▶ [RECORDED INFORMATION]

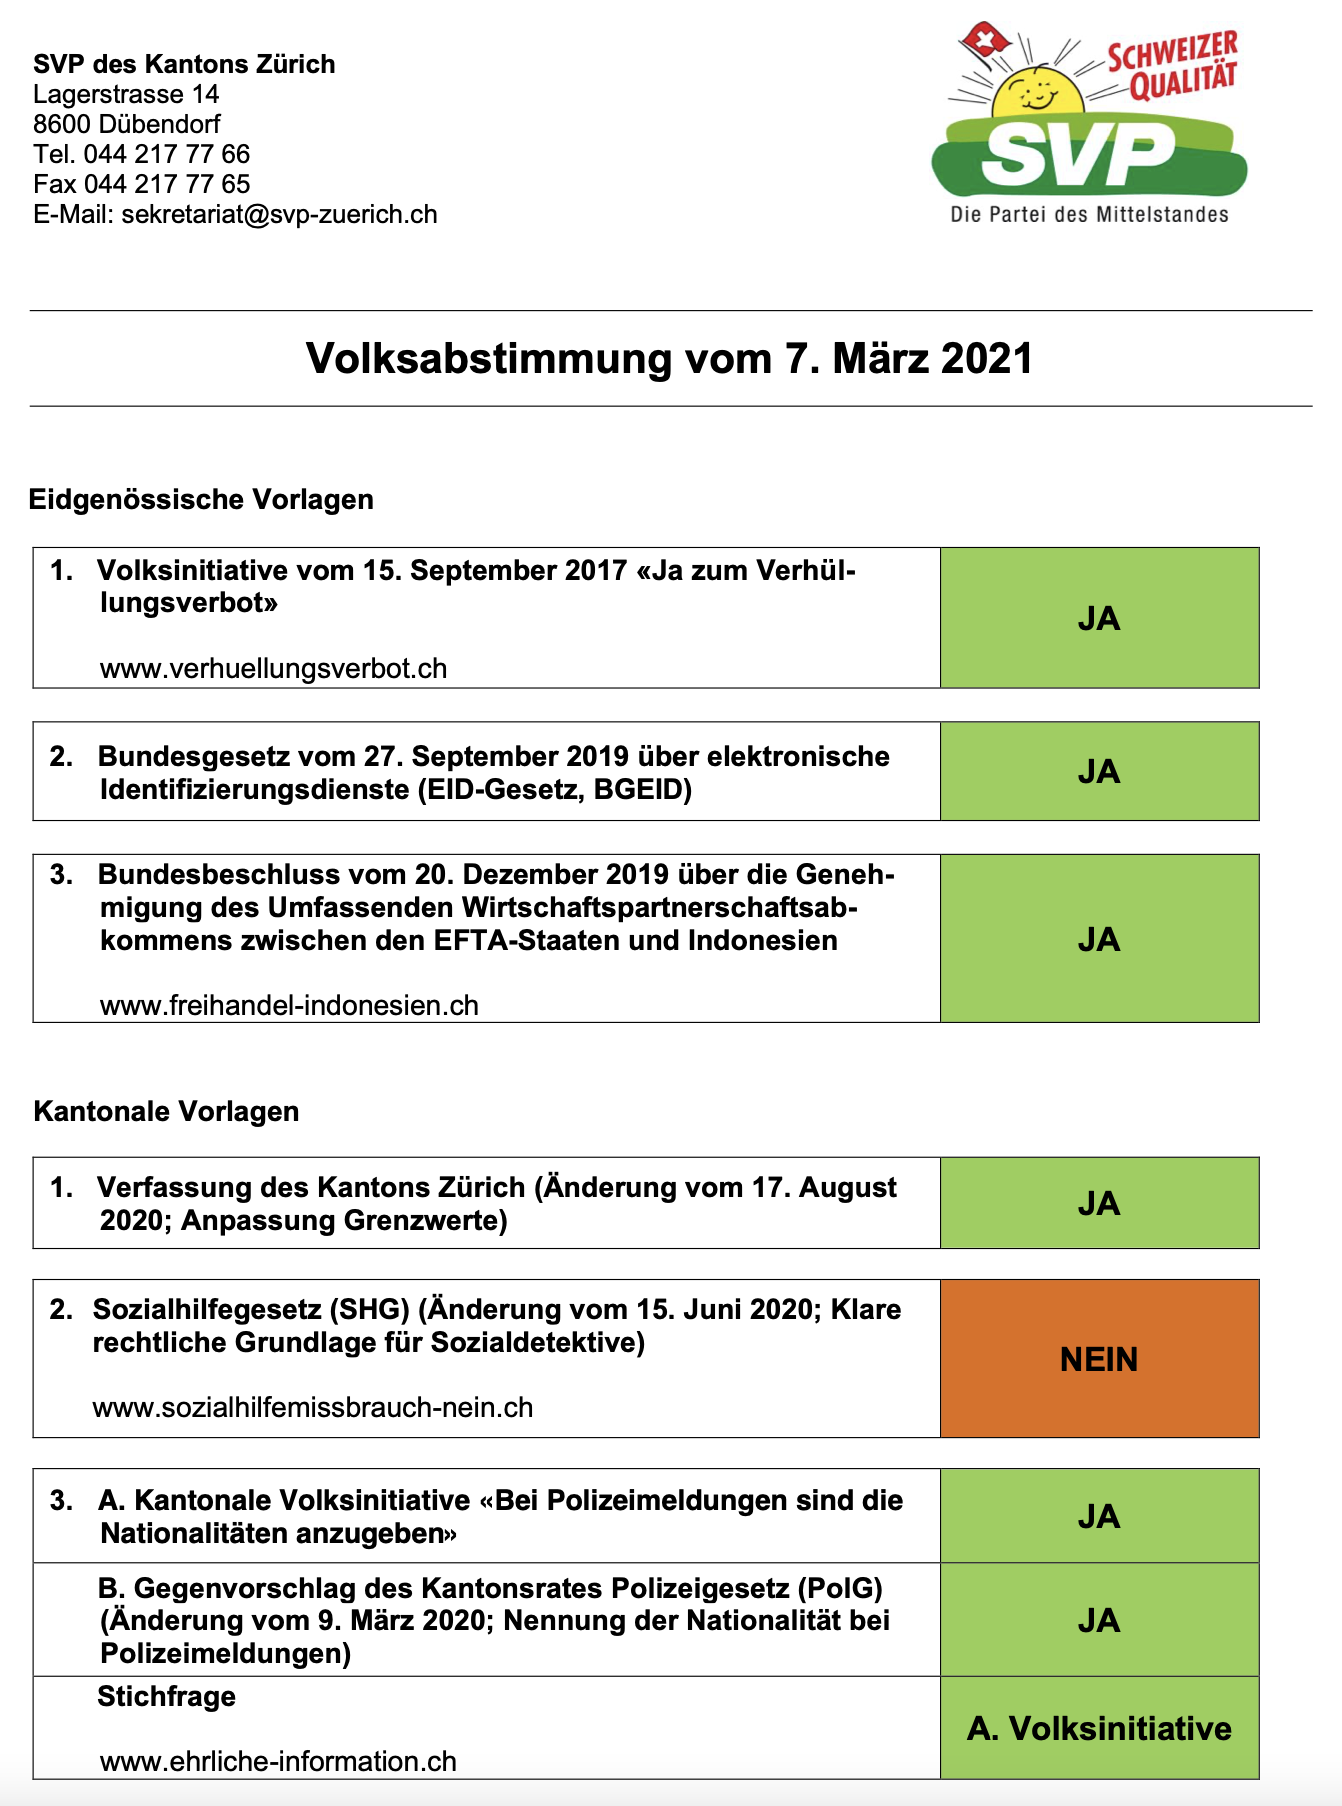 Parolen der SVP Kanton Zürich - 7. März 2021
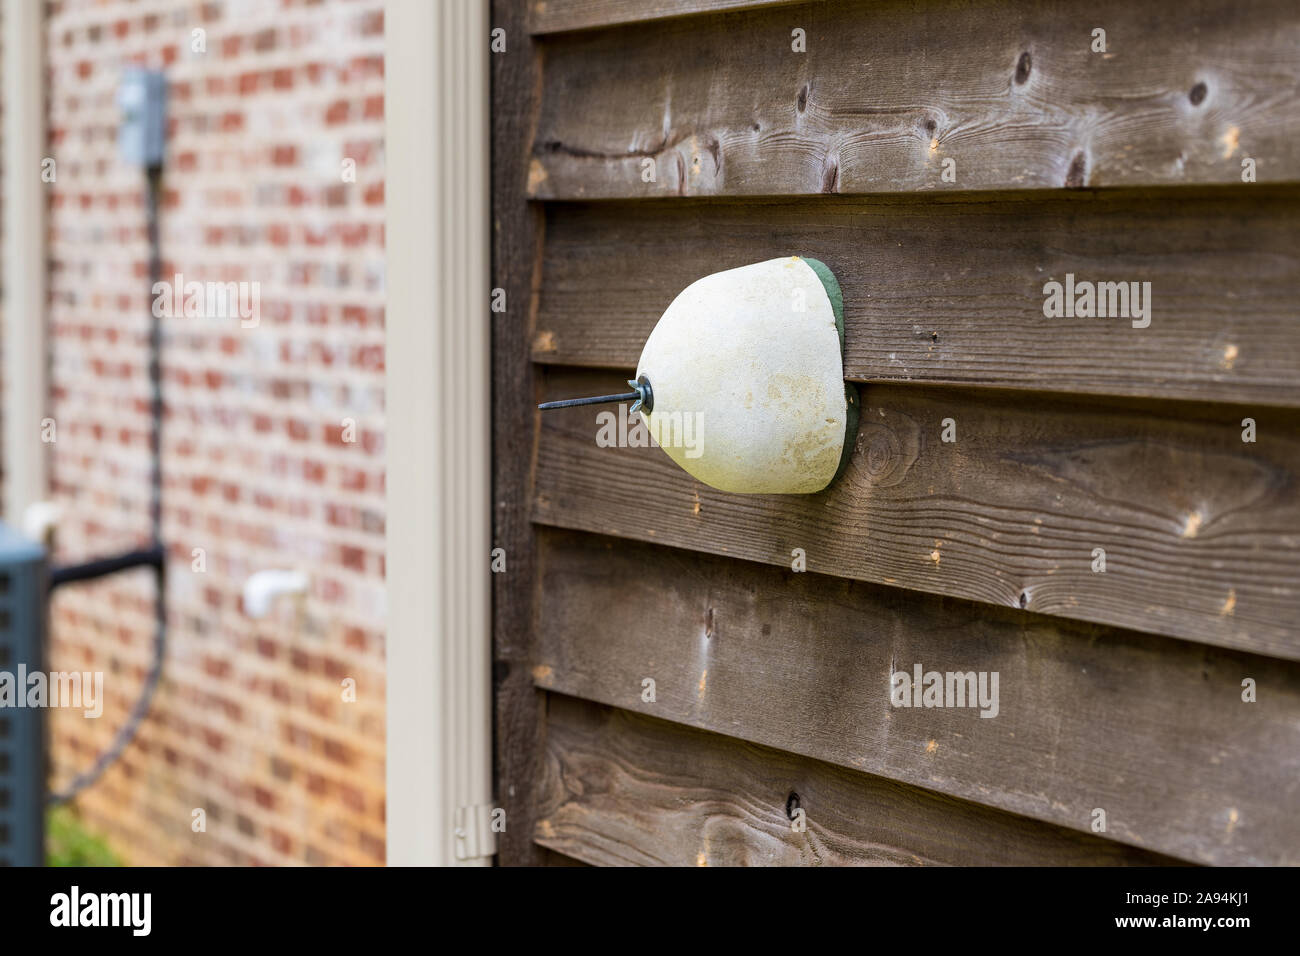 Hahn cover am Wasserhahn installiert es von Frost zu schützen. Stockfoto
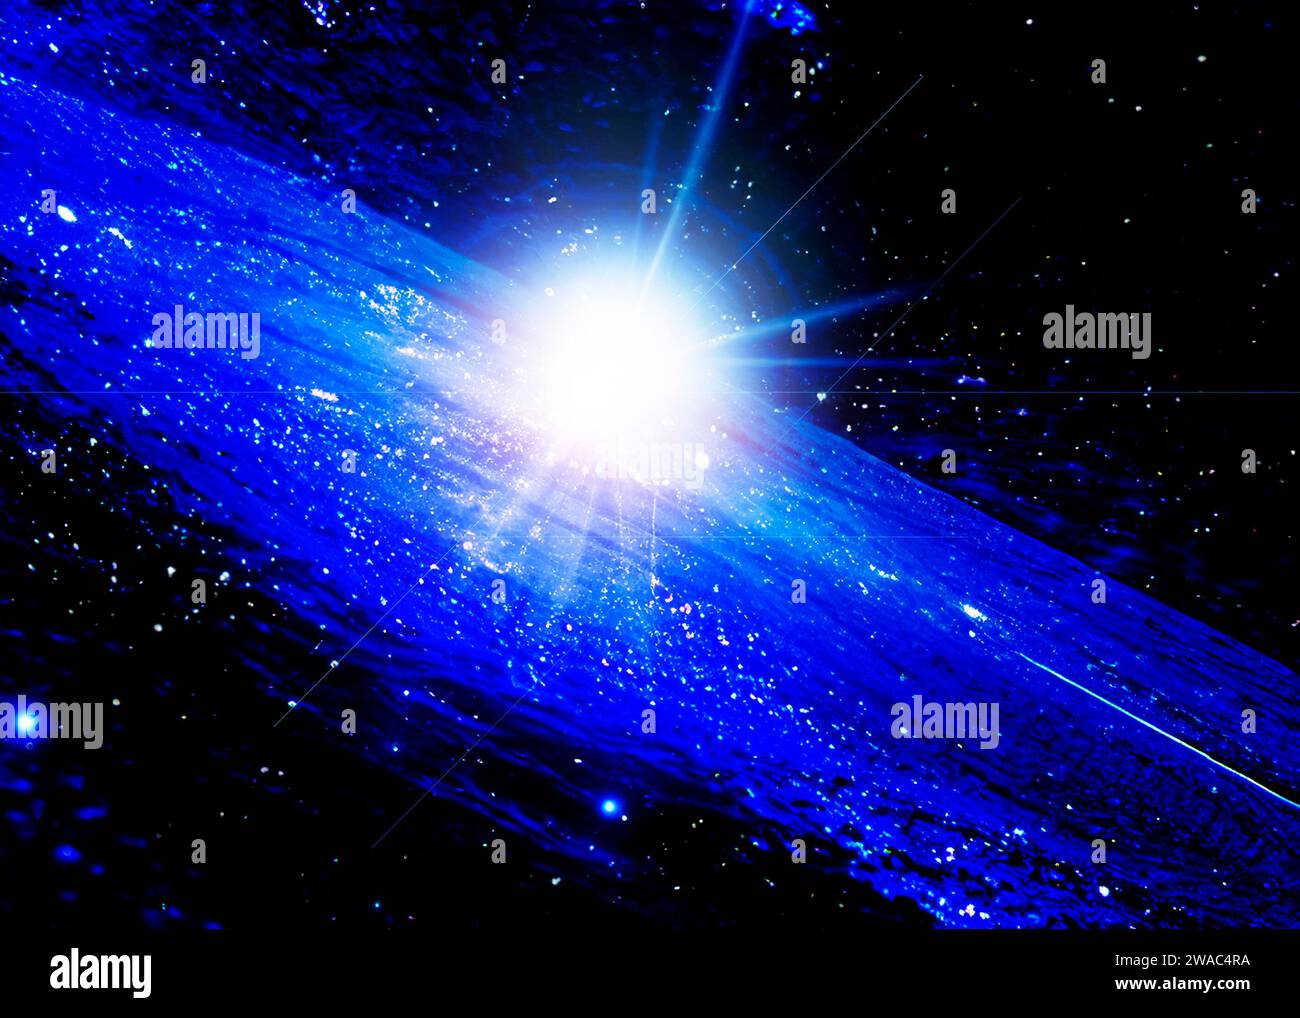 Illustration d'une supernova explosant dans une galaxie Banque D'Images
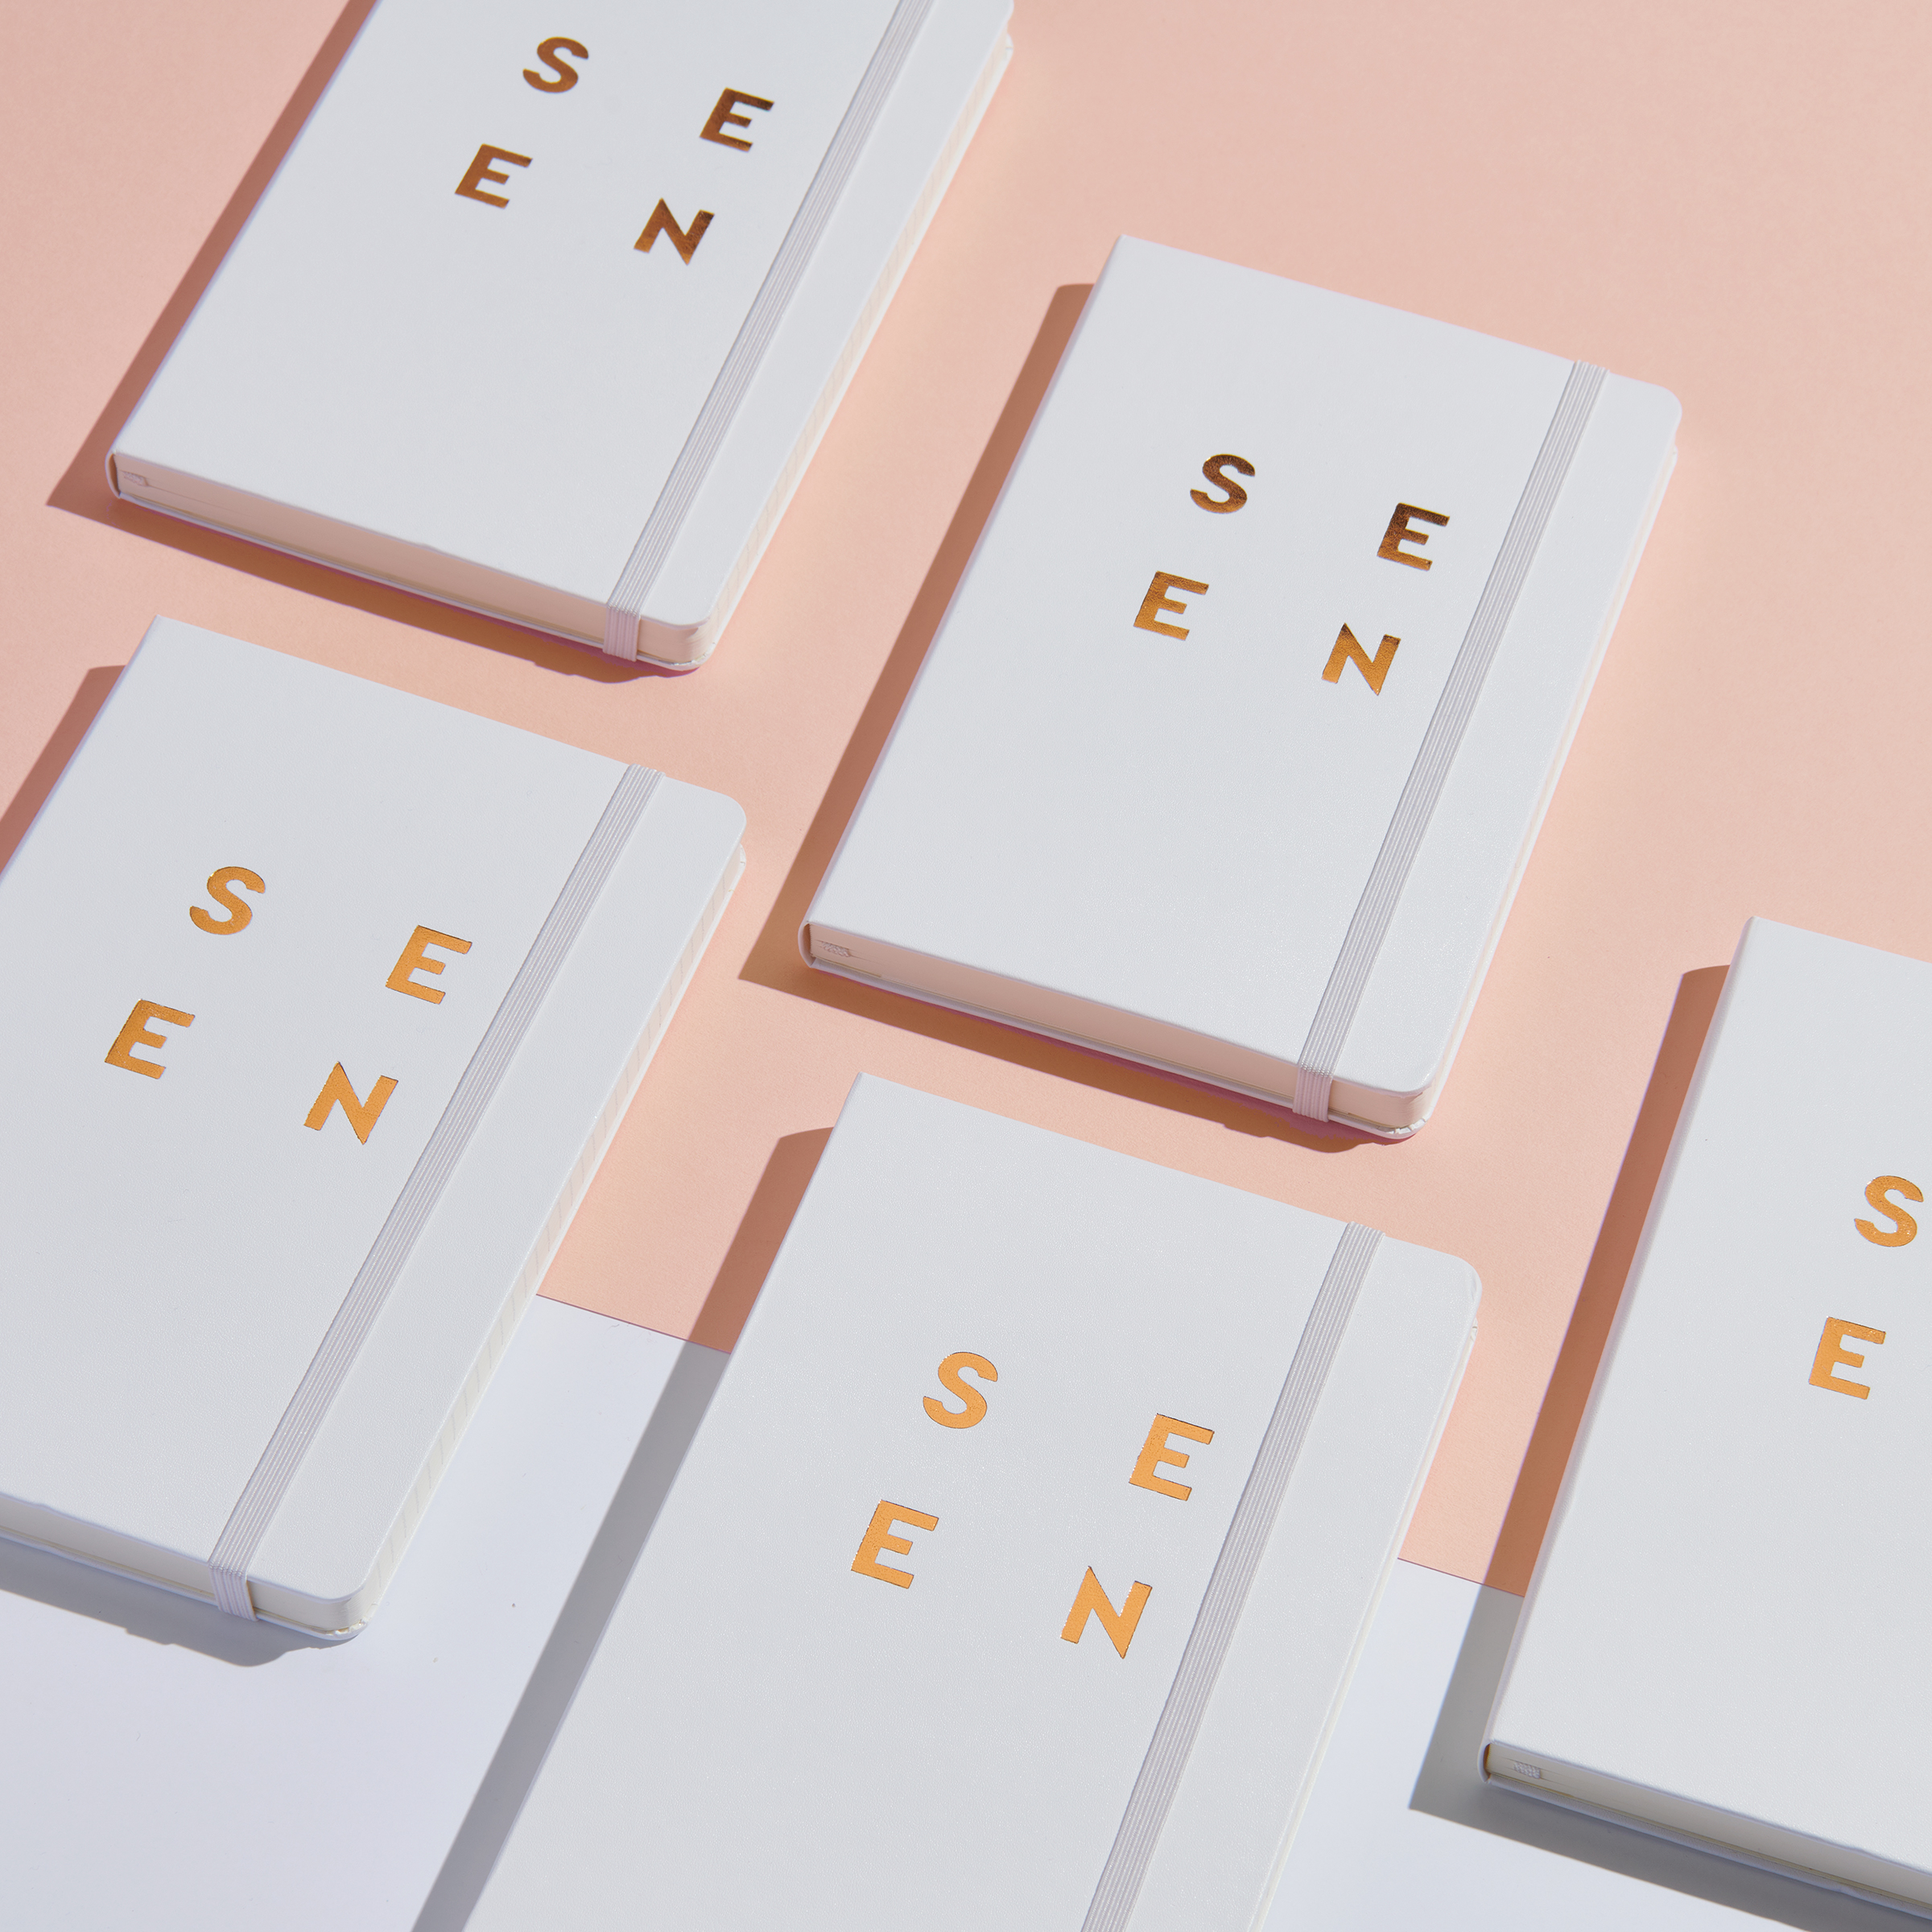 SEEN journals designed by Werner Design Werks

▶ [ASSIGNMENT] Quote the data exactly, leaving every image out of the copy.

▶ [SOLUTION TO THE EXERCISE]
 Parolen der SVP Kanton Zürich - 7. März 2021
 Hahn cover am Wasserhahn installiert es von Frost zu schützen. Stockfoto
 Illustration d'une supernova explosant dans une galaxie Banque D'Images
 SEEN journals designed by Werner Design Werks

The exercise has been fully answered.